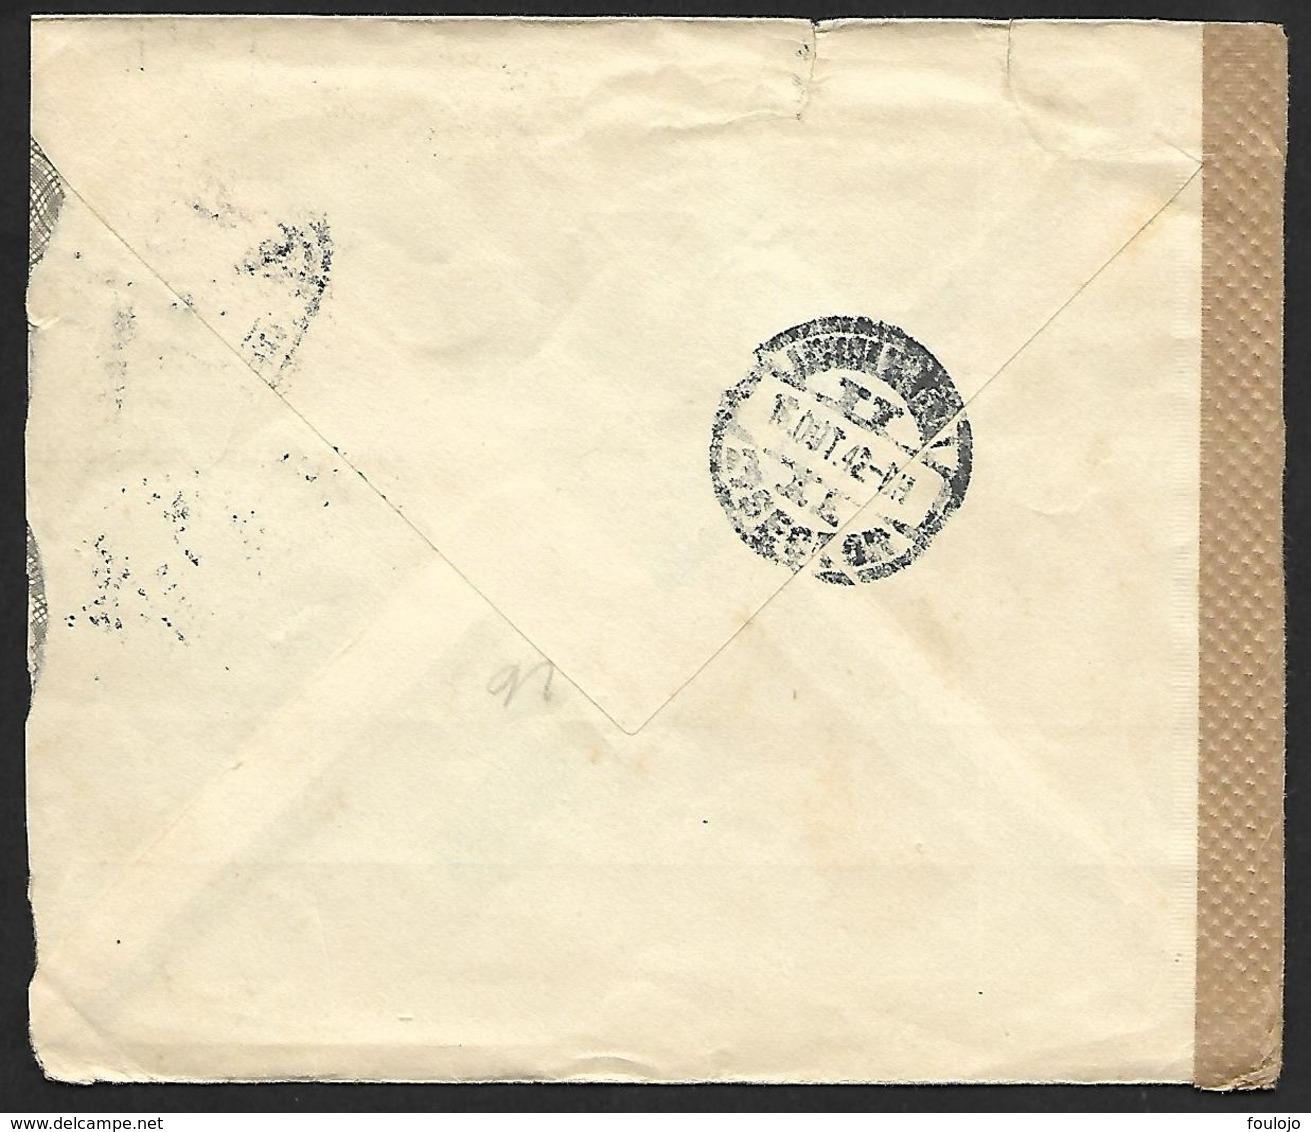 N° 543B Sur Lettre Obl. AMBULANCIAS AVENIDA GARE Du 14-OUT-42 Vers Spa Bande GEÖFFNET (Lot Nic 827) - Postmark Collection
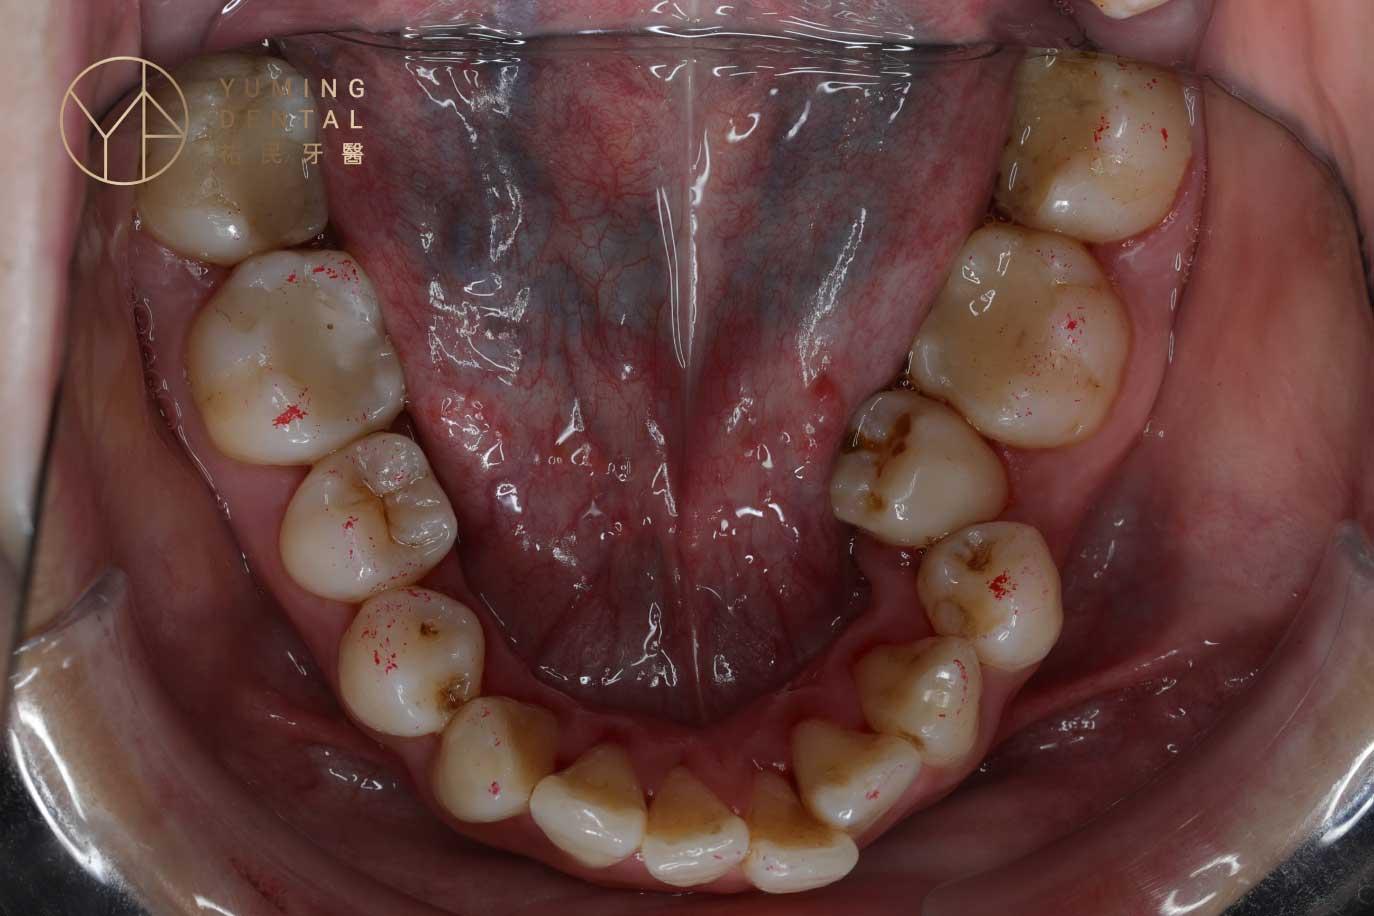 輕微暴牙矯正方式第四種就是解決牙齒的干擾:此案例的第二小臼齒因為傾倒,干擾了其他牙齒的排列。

==

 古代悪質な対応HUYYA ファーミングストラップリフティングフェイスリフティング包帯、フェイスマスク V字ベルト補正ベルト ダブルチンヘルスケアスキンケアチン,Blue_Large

* * *

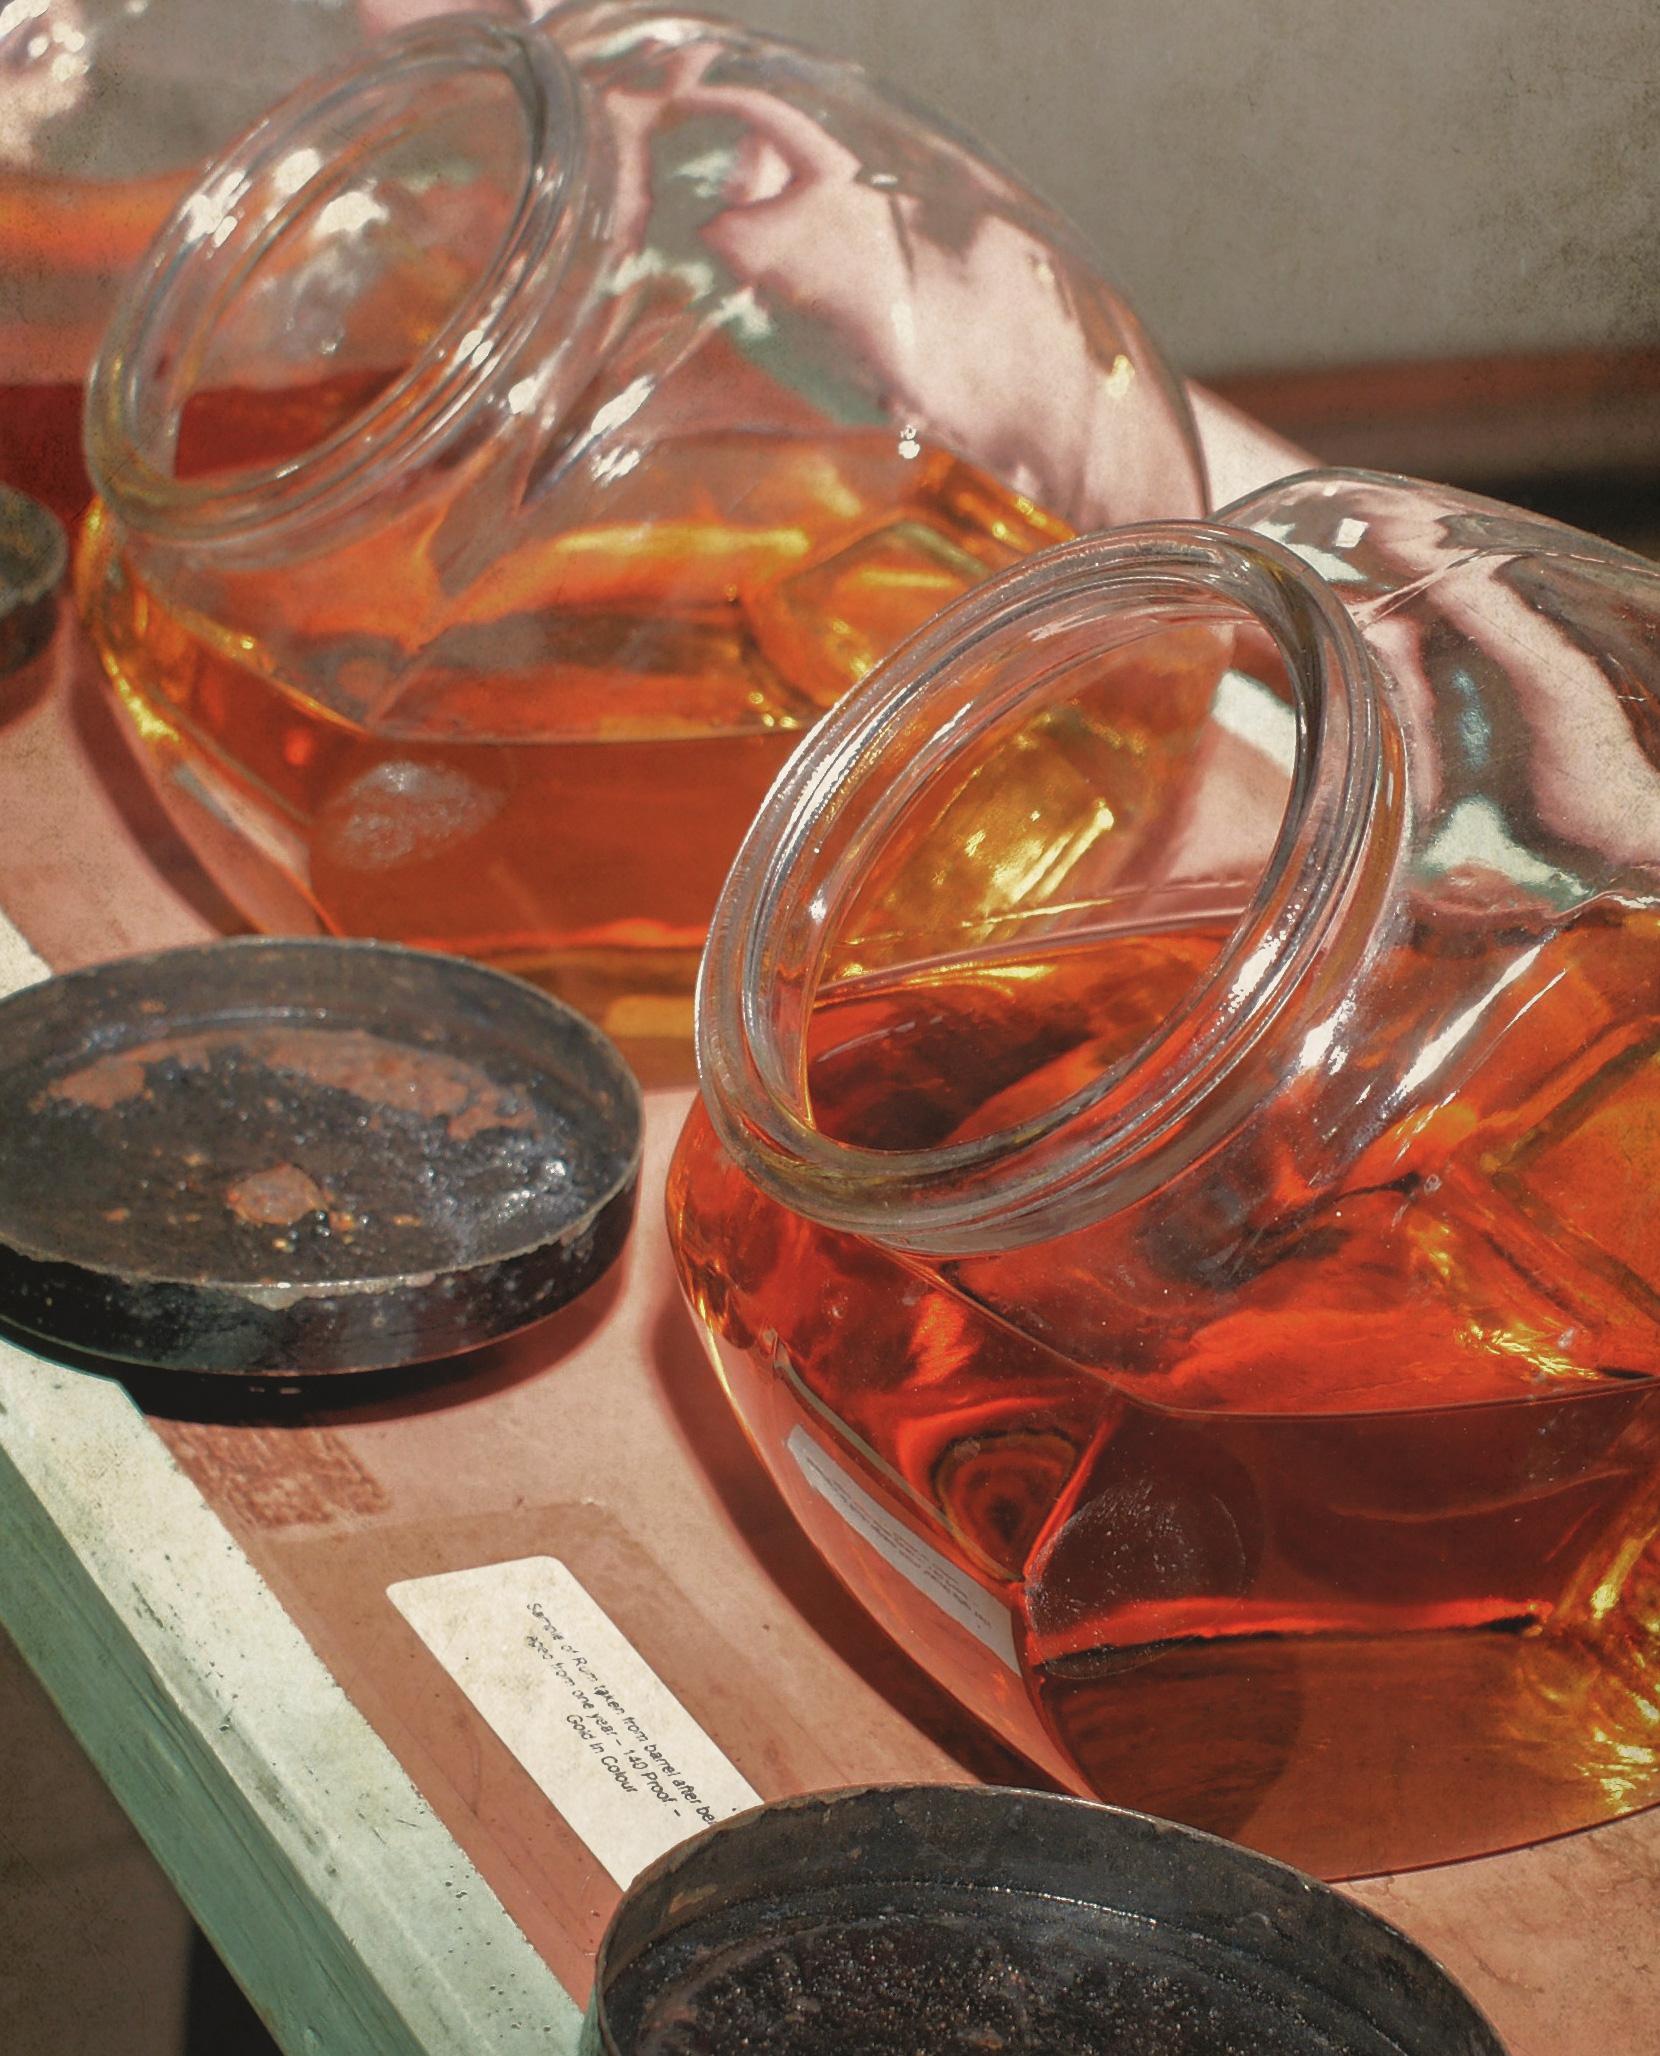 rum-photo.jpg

__Task to carry out__. How would the lines above read from the one with "N° 543B Sur" to the one with "輕微暴牙矯正方式第四種就是解", inclusive, with no pictures? Write them out exactly.

__Response box__.
 N° 543B Sur Lettre Obl. AMBULANCIAS AVENIDA GARE Du 14-OUT-42 Vers Spa Bande GEÖFFNET (Lot Nic 827) - Postmark Collection
 輕微暴牙矯正方式第四種就是解決牙齒的干擾:此案例的第二小臼齒因為傾倒,干擾了其他牙齒的排列。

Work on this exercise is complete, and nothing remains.